Critics have questioned the simplifications and statistical methods used in calculating ecological footprints. Therefore, Global Footprint Network and its partner organizations have engaged with national governments and international agencies to test the results—reviews have been produced by France, Germany, the European Commission, Switzerland, Luxembourg, Japan and the United Arab Emirates.[94] Some point out that a more refined method of assessing Ecological Footprint is to designate sustainable versus non-sustainable categories of consumption.[95][96]

Carrying capacity

Attempts have been made to estimate the world's carrying capacity for humans; the maximum population the world can host.[97] A 2004 meta-analysis of 69 such studies from 1694 until 2001 found the average predicted maximum number of people the Earth would ever have was 7.7 billion people, with lower and upper meta-bounds at 0.65 and 98 billion people, respectively. They conclude: "recent predictions of stabilized world population levels for 2050 exceed several of our meta-estimates of a world population limit".[98]

A 2012 United Nations report summarized 65 different estimated maximum sustainable population sizes and the most common estimate was 8 billion.[99] Advocates of reduced population often put forward much lower numbers. Paul R. Ehrlich stated in 2018 that the optimum population is between 1.5 and 2 billion.[100] In 2022 Erhlich and other contributors to the "Scientists' warning on population", including Eileen Crist, William J. Ripple, William E. Rees and Christopher Wolf, stated that environmental analysts put the sustainable level of human population at between 2 and 4 billion people.[101] Geographer Chris Tucker estimates that 3 billion is a sustainable number.[102]

Critics of overpopulation criticize the basic assumptions associated with these estimates. For example, associate professor of gender and sexuality Jade Sasser believes that calculating a maximum of number of humanity is unethical claiming that only some, mostly European former colonial powers, are mostly responsible for unsustainably using up Earth's resources.[103]

Proposed impacts

Poverty, and infant and child mortality

Although proponents of human overpopulation have expressed concern that growing population will lead to an increase in global poverty and infant mortality, both indicators have declined over the last 200 years of population growth.[13][104]

Environmental impacts

Having one less child, on average, saves 58.6 tonnes of CO2 equivalent per year.

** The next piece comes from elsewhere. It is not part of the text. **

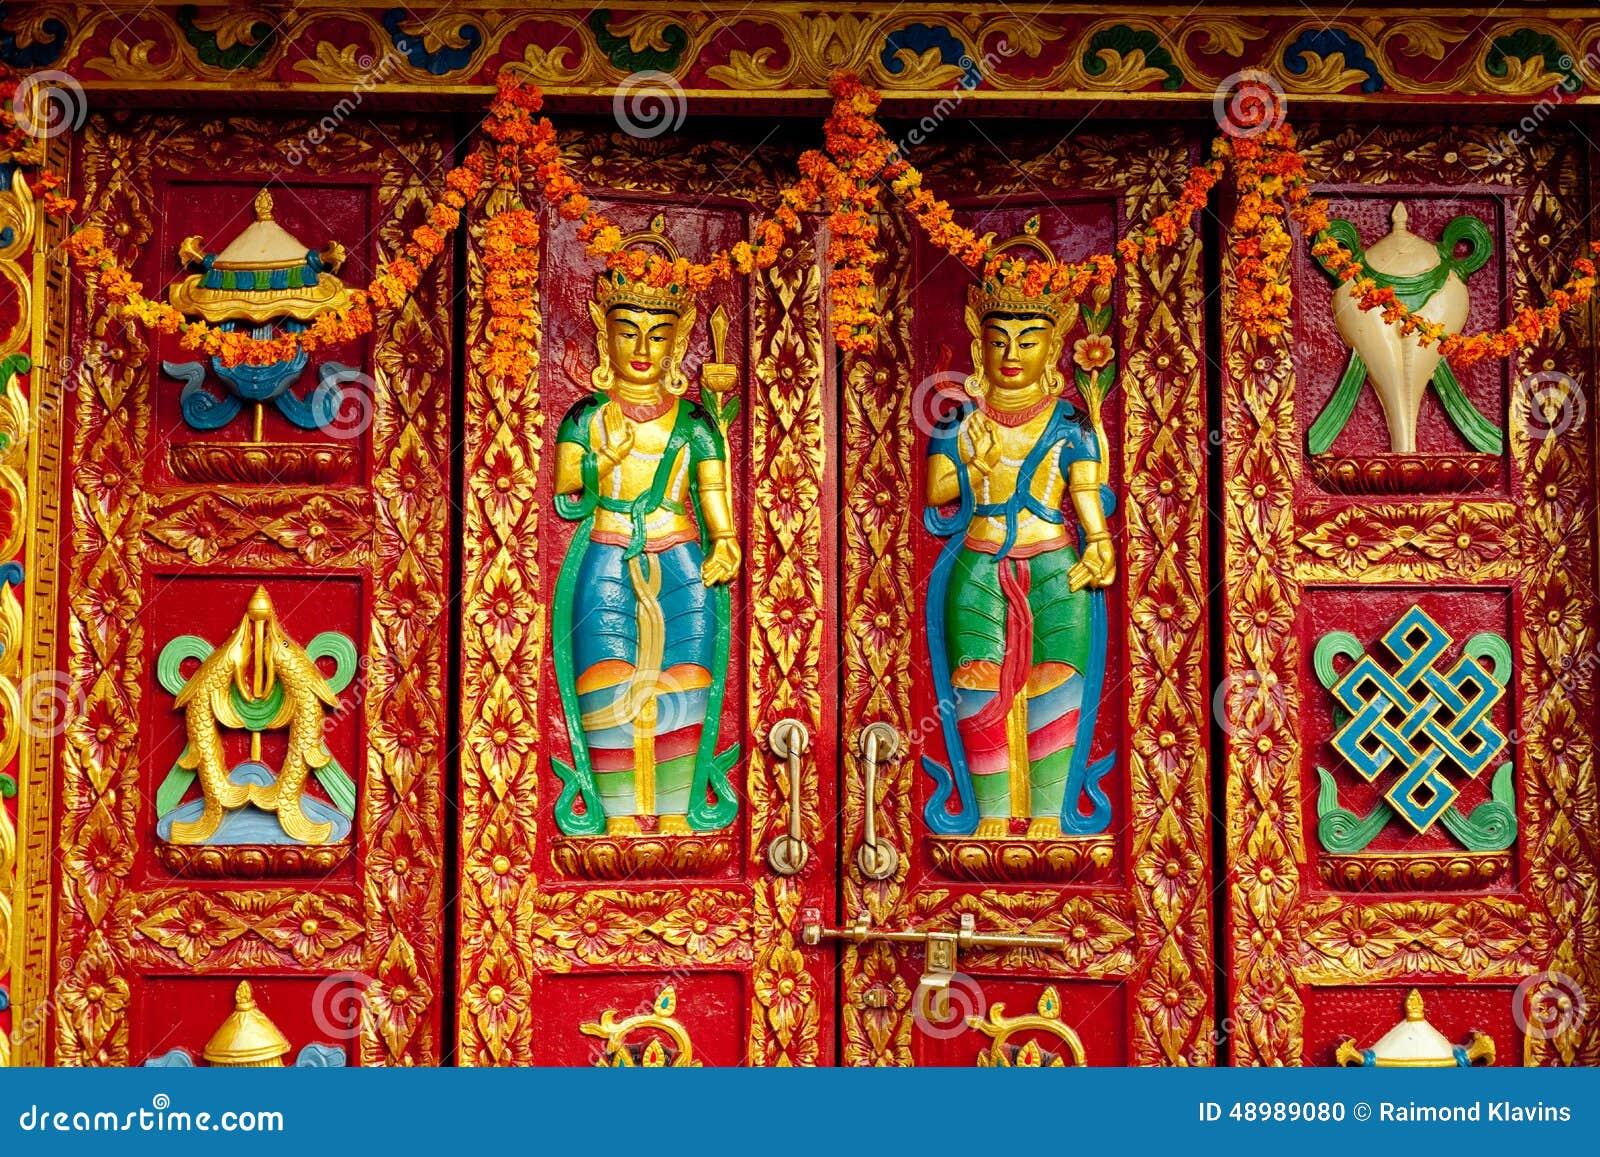 Buddhist ornament colorful door in Monastery near stupa Boudhanath
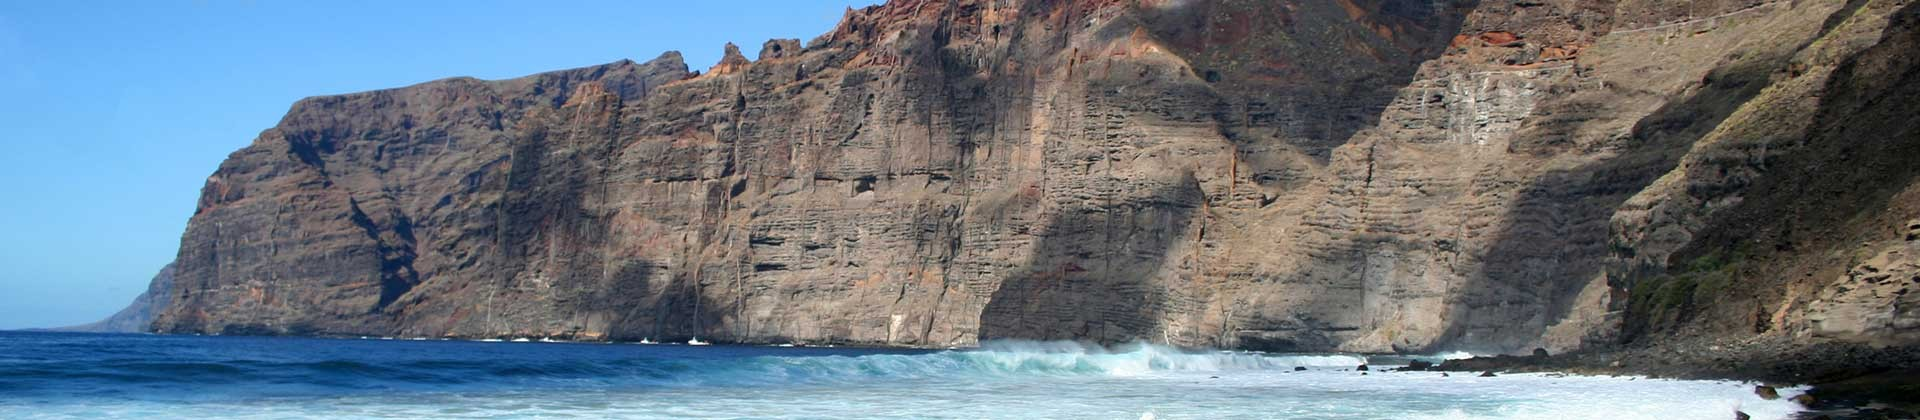 https://www.goodmorningtenerife.com/wp-content/uploads/2014/08/03_slide_los_gigantes_GM_Tenerife-1920x420.jpg

A number of scientists have argued that human impacts on the environment and accompanying increase in resource consumption threatens the world's ecosystems and the survival of human civilization.[105][106][107][12] The InterAcademy Panel Statement on Population Growth, which was ratified by 58 member national academies in 1994, states that "unprecedented" population growth aggravates many environmental problems, including rising levels of atmospheric carbon dioxide, global warming, and pollution.[108] Indeed, some analysts claim that overpopulation's most serious impact is its effect on the environment.[109] Some scientists suggest that the overall human impact on the environment during the Great Acceleration, particularly due to human population size and growth, economic growth, overconsumption, pollution, and proliferation of technology, has pushed the planet into a new geological epoch known as the Anthropocene.[110][111]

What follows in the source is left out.